Start of Block

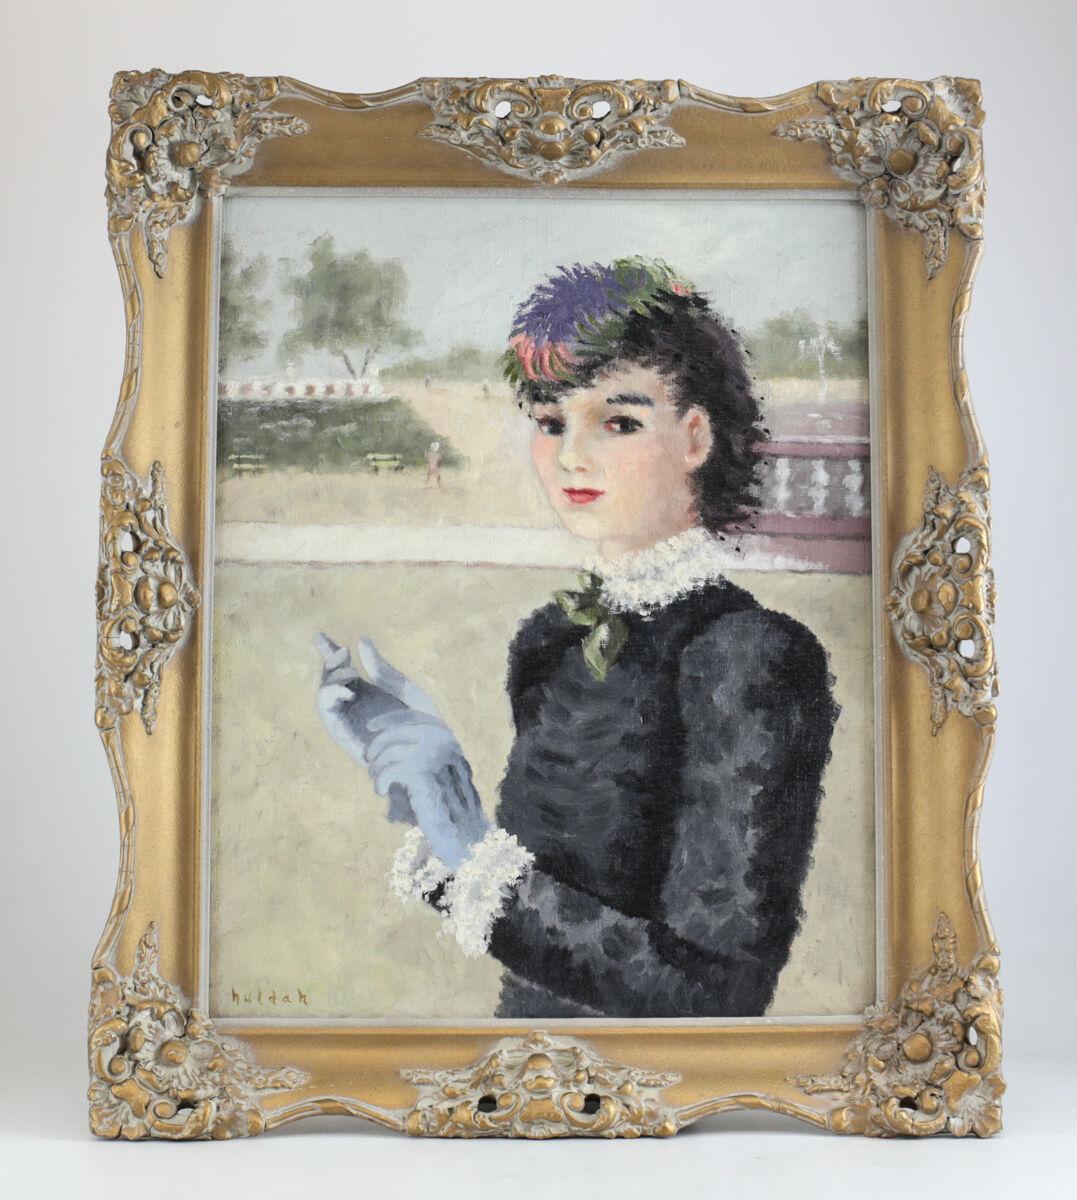 Ensemble de Cherry Jeffe Huldah huile sur toile peinture vierge

Portrait d'une femme costumée du début du 20e siècle avec un couvre-chef à plumes, une robe à volants noire et blanche, une cravate verte et des gants bleu clair. Cadre en bois doré
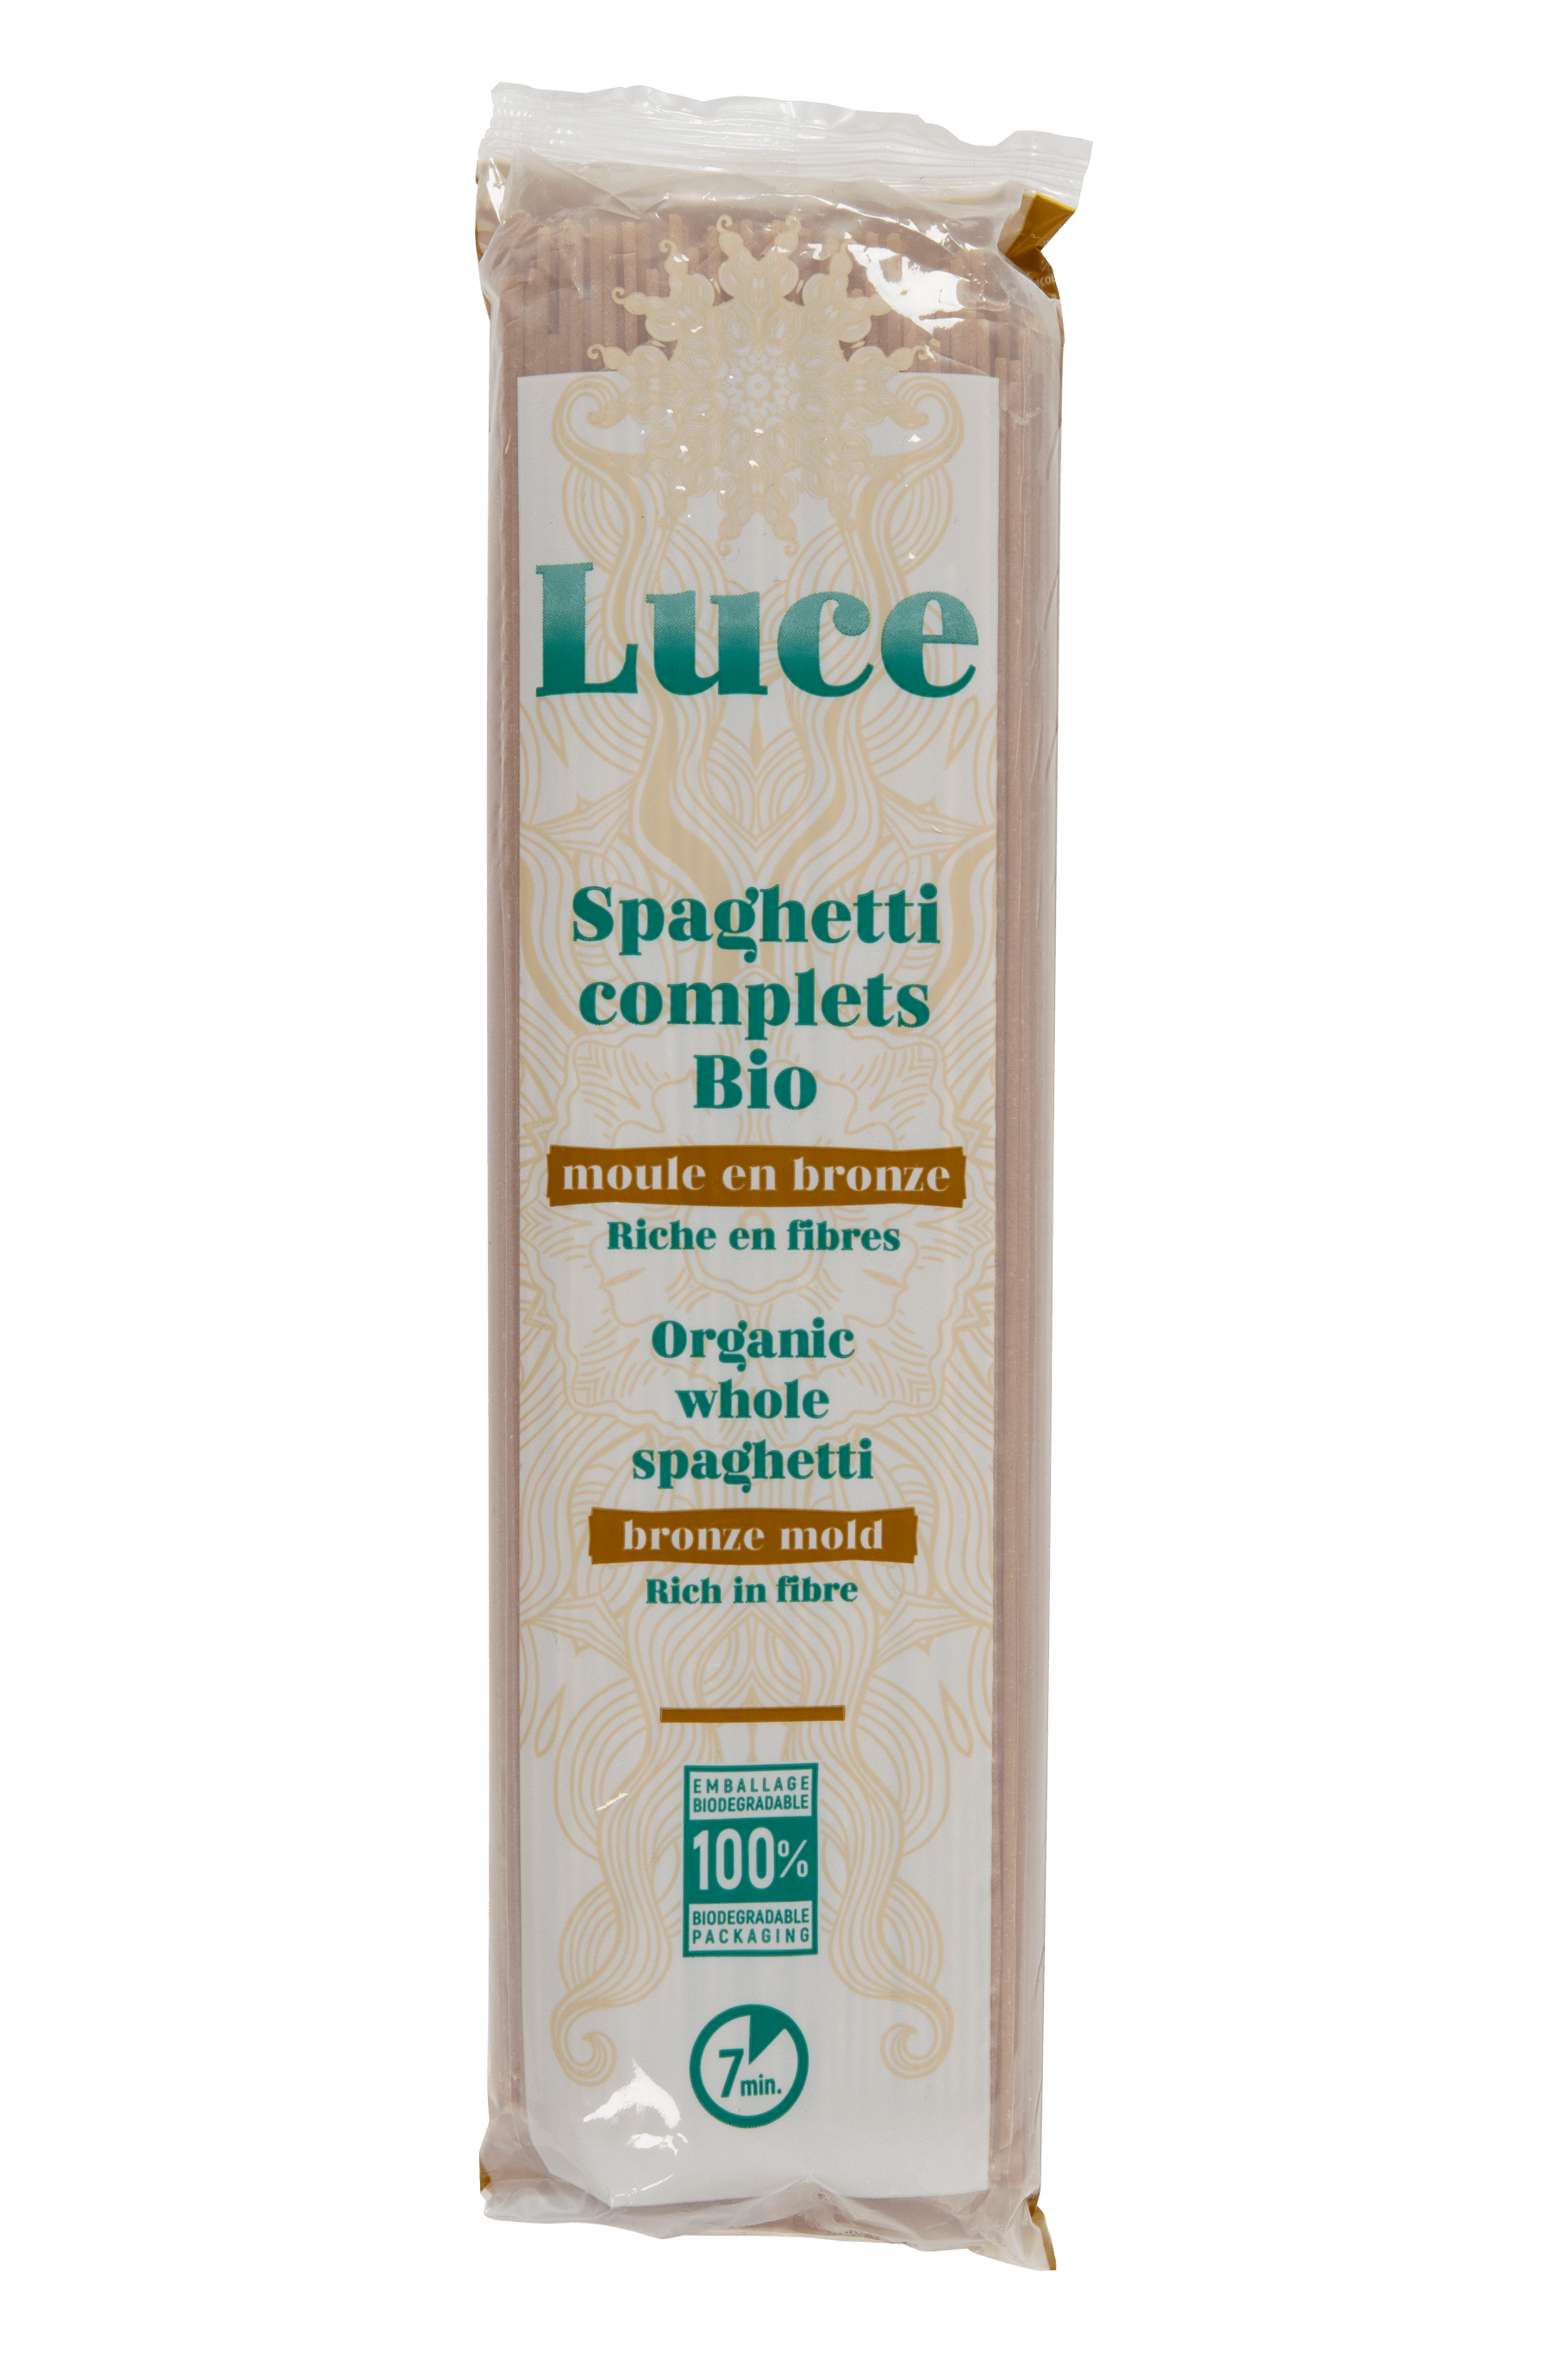 Luce Spaghetti complets bio 500g

End of Block

◆ **Exercise prompt**
Take the line that contains "Portrait d'une femme" and all lines after it to the end of the material above, and copy them verbatim without any images.

◆ **Reply**
Portrait d'une femme costumée du début du 20e siècle avec un couvre-chef à plumes, une robe à volants noire et blanche, une cravate verte et des gants bleu clair. Cadre en bois doré
 Luce Spaghetti complets bio 500g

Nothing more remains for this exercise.